Dave suggests waiting until age 60 to buy long-term care insurance, because the likelihood of you filing a claim before that age is slim. Statistically, 89% of LTC claims are filed for people over age 70.
You may assume that you’ll pay less if you buy your policy at age 50 and lock in a lower monthly premium instead of waiting until age 60 as Dave recommends. But Dave will never tell you to buy something based on how much the monthly payment is. That’s what broke people do, right?
While it may seem cheaper to buy LTC at age 50, the numbers tell a different story. An estimated LTC premium for a healthy 50-year-old man is $1,725 per year. If the policy remains in effect until this person is 95, he can spend approximately $77,625 in LTC premiums. For a healthy 60-year-old man, an estimated premium is $2,170. If he keeps the policy until he’s 95, it can cost him $75,320 overall.
You can already see how buying at age 60 is a slightly better deal.

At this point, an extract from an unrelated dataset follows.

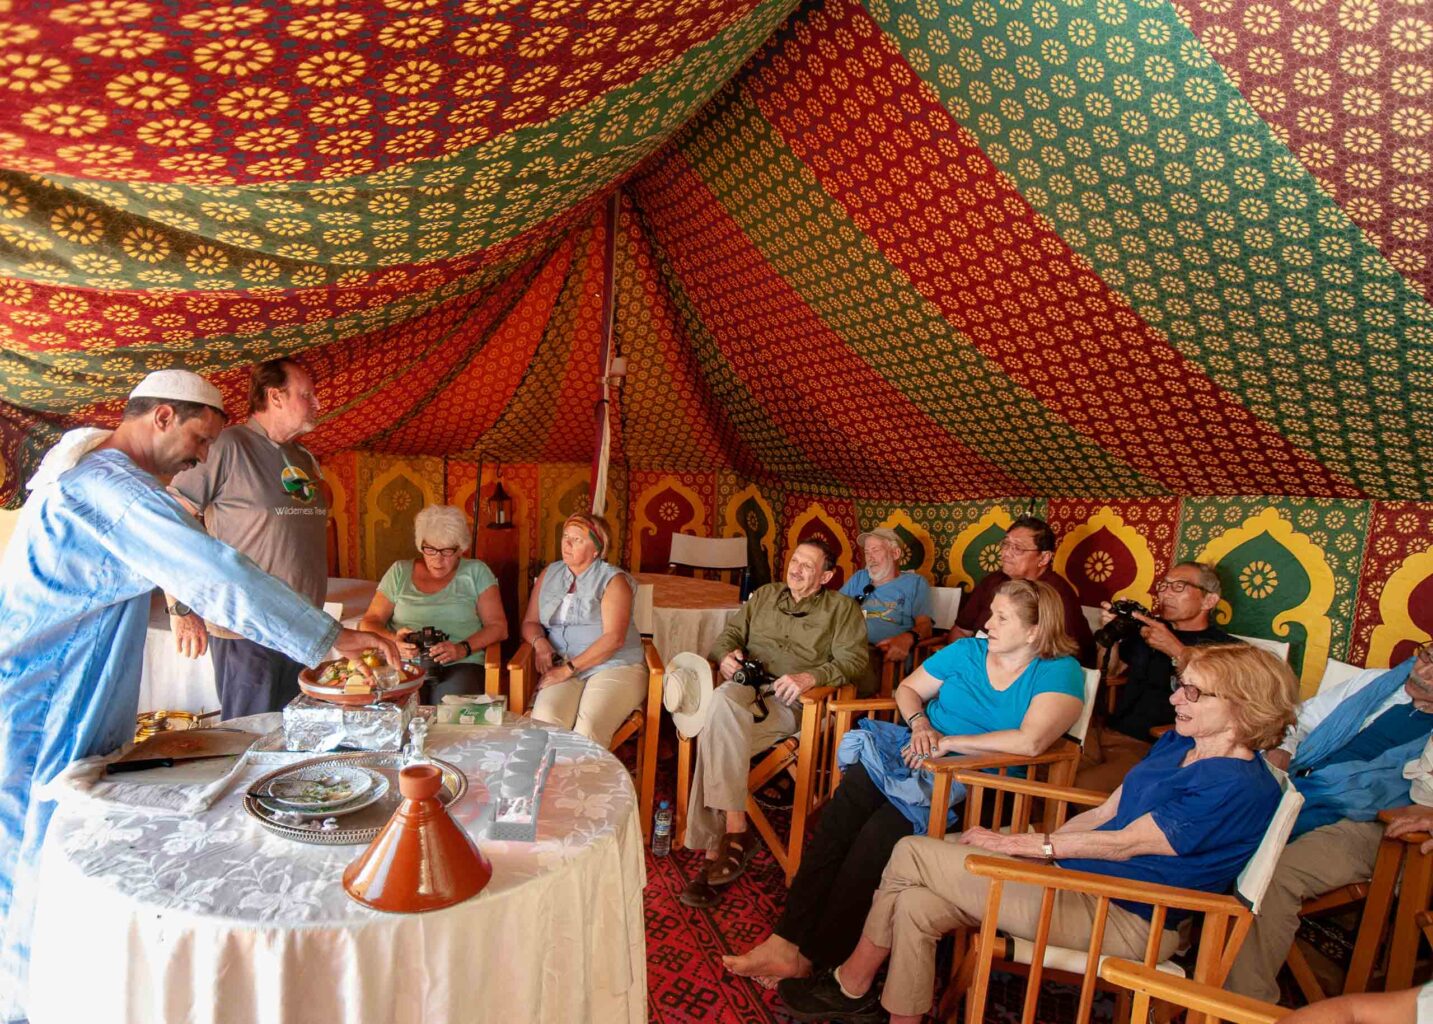 Eight travelers prepare to dine in an exotic Moroccan tent in the Sahara Desert.

But what would happen if, instead of buying LTC at age 50, you invest that $1,725 each year until age 60? You could have over $30,000! If you keep that money invested until age 95 and never add anything to it, you could potentially have over $850,000! That’s not too shabby!
Many people worry that if they wait until age 60 to buy LTC, they will develop a medical condition that will either prevent them from qualifying for coverage or significantly raise their premiums. If you have a family history of illness at a young age, or you are losing sleep because you’re worried about getting sick and not being able to afford care, then buy LTC when you can afford it. The peace of mind is worth more than any cash you’ll save on premiums.
Just don’t buy LTC at a young age because you think you’ll save money by doing it. As you can see above, that’s just not true.